I rowed over to SEAHAWK and had a chat about life in general then went back to RUBEN JANE. Following lunch, on a very low tide we headed out the channel for the last time. In the entrance to Mana Island there were some small overfalls but there was enough clearance for us. In glassy conditions we motored about 1/2 mile behind SANITY back to Vuda Point. They went to Denerau. As the trip progressed the sky became more and more threatening and a slight breeze of 3-4 knots got up from behind. Apart from two strikes which only gave momentary excitement, the trip was inauspicious. This may be the last trip that Susannah and Laura make on RUBEN JANE. Before John's sked I spoke to PERICON and MAKANI. PERICON have some mail for Susannah in Vila. I should meet them in Noumea.

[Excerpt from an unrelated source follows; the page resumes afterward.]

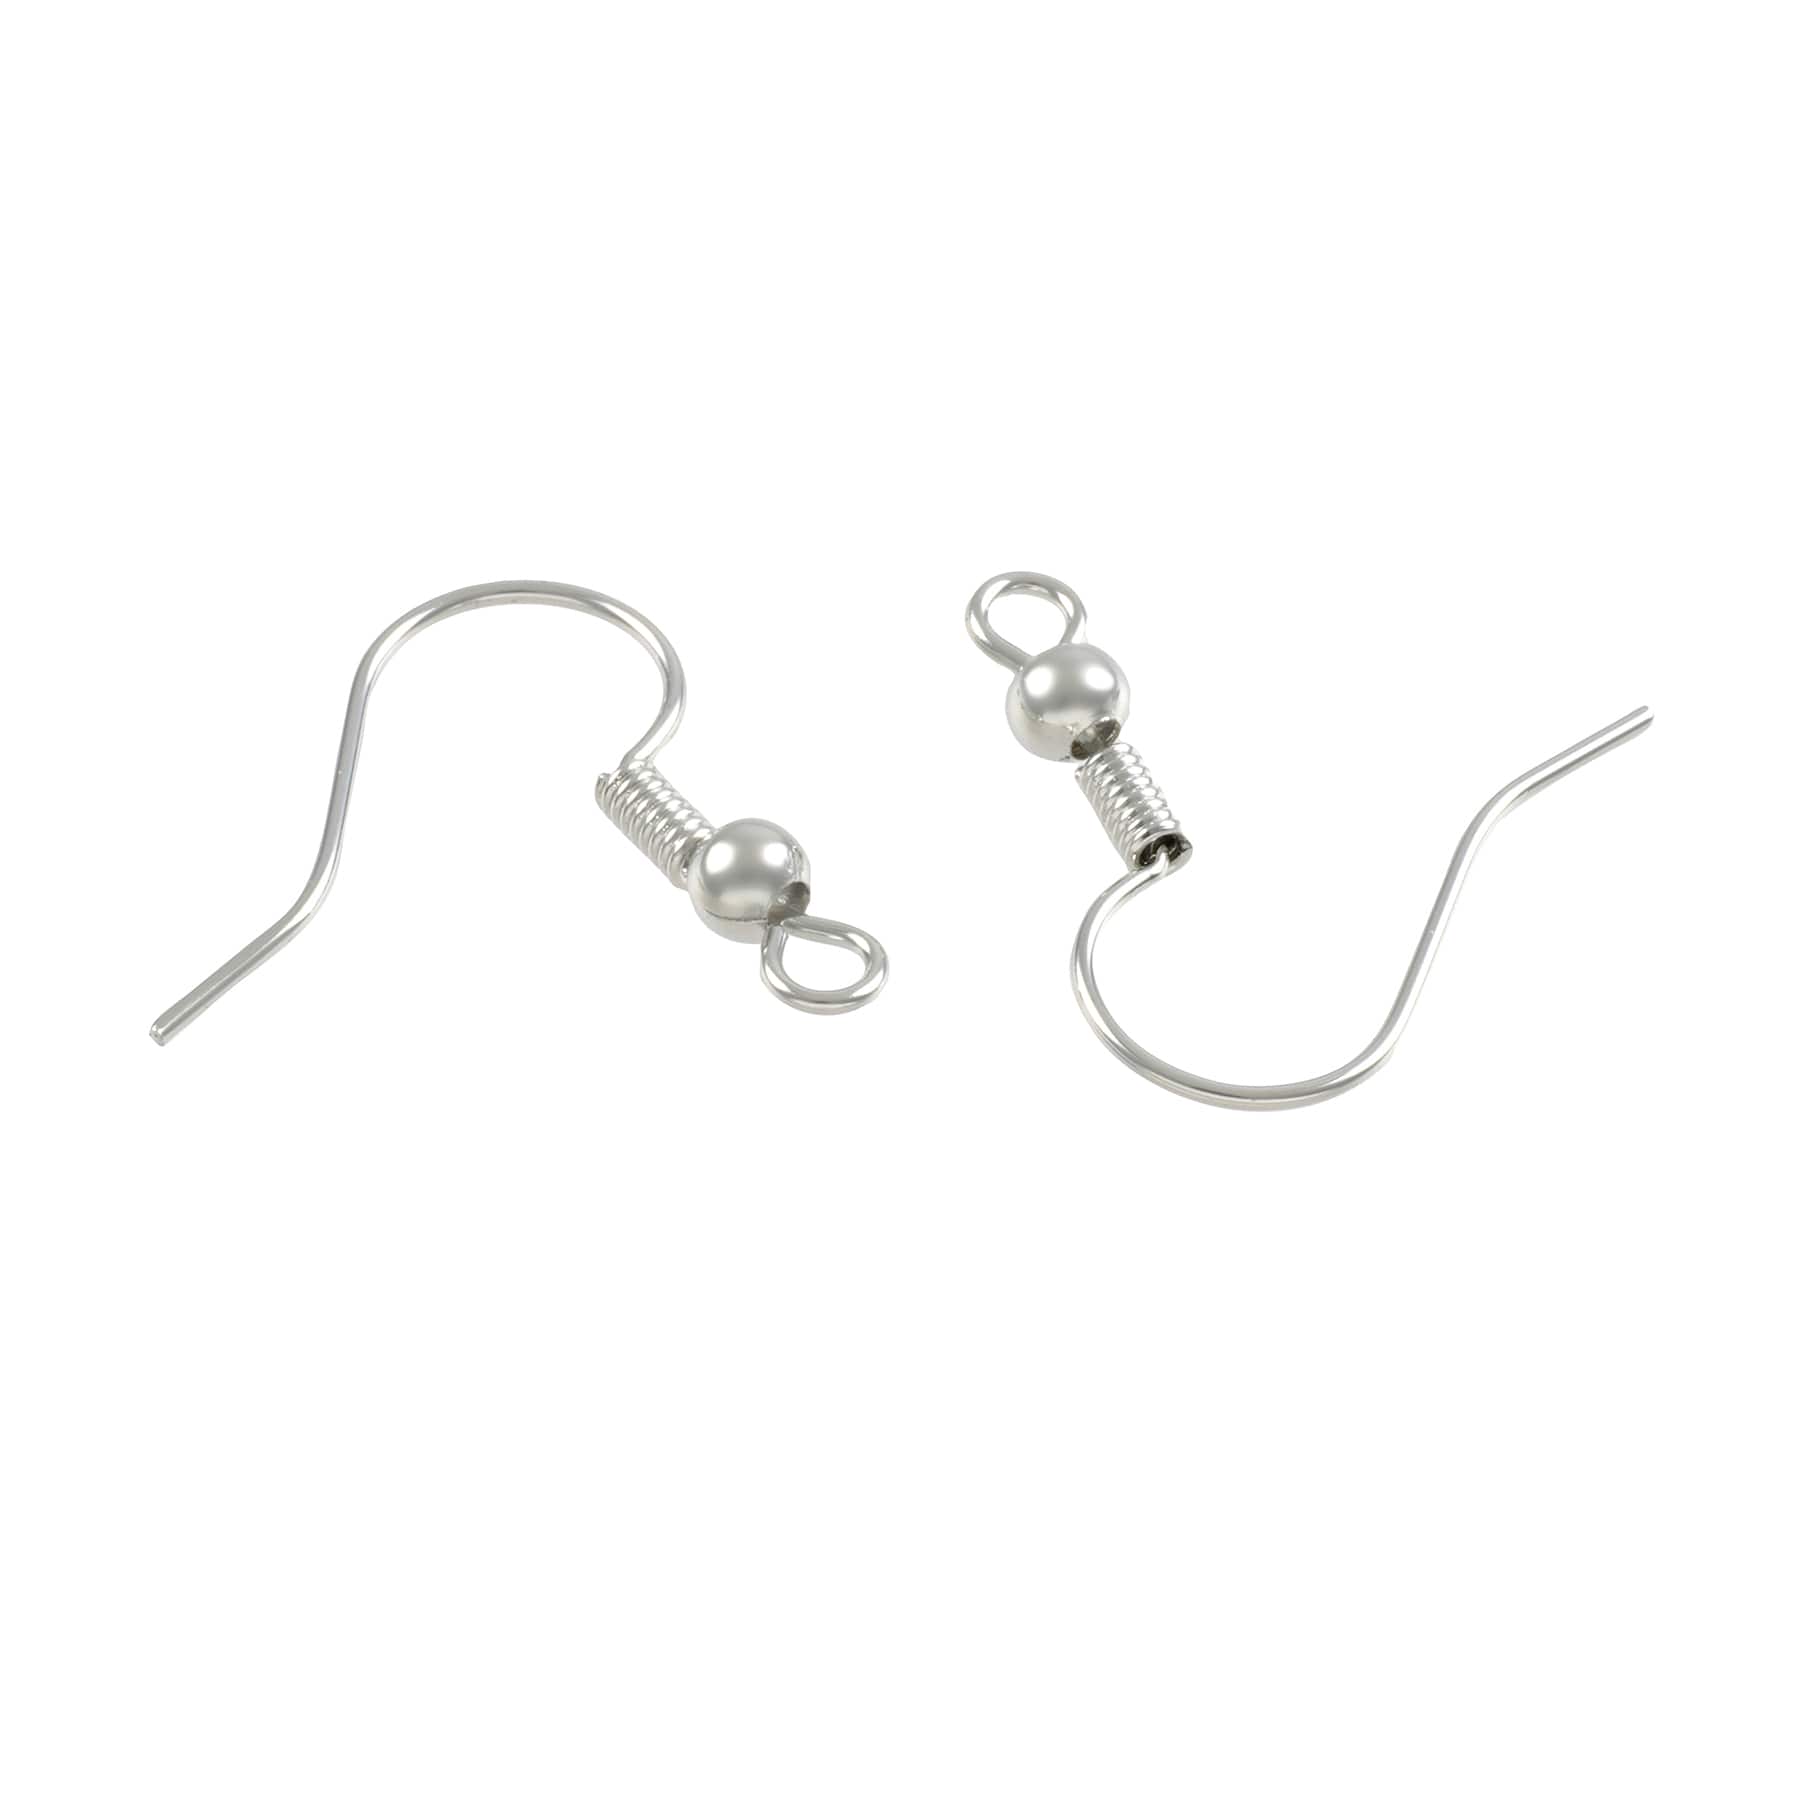 Buy in Bulk - 9 Pack: Rhodium Fish Hook Earwires by Bead Landing™ Premium  Metals

Morning spent getting boat ready - refuelling, water and attaching cutter rig and tying anchor down etc. After lunch we caught a taxi to Nadi with Tony and Yvonne (7 including driver) to airport to pick up Corina, and Glenn Payne who are crewing to Noumea with me. Then a bus trip to Lautoka where I cleared out from customs and immigration. I had Corina's and Glenn's passports etc. with me so they wandered around Lautoka waiting for me. Got the tape deck repaired too. Then I had difficulty finding Corina and Glenn at the bus depot where I said I'd meet them. Here they were less than 3 hours in a strange place in a strange town in a strange country with no map, no money and no identification. I located them just after the last bus for Vuda Point had departed so we caught an adjacent one and were faced with a 2 km walk but were picked up by a van from First Landing (adjacent to the marina). There was a beautiful sunset tonight. We all went out to First Landing where we had the Yachties Special $9.90. The waitress had double ordered for an adjacent table so we helped her out with eating four more servings between us.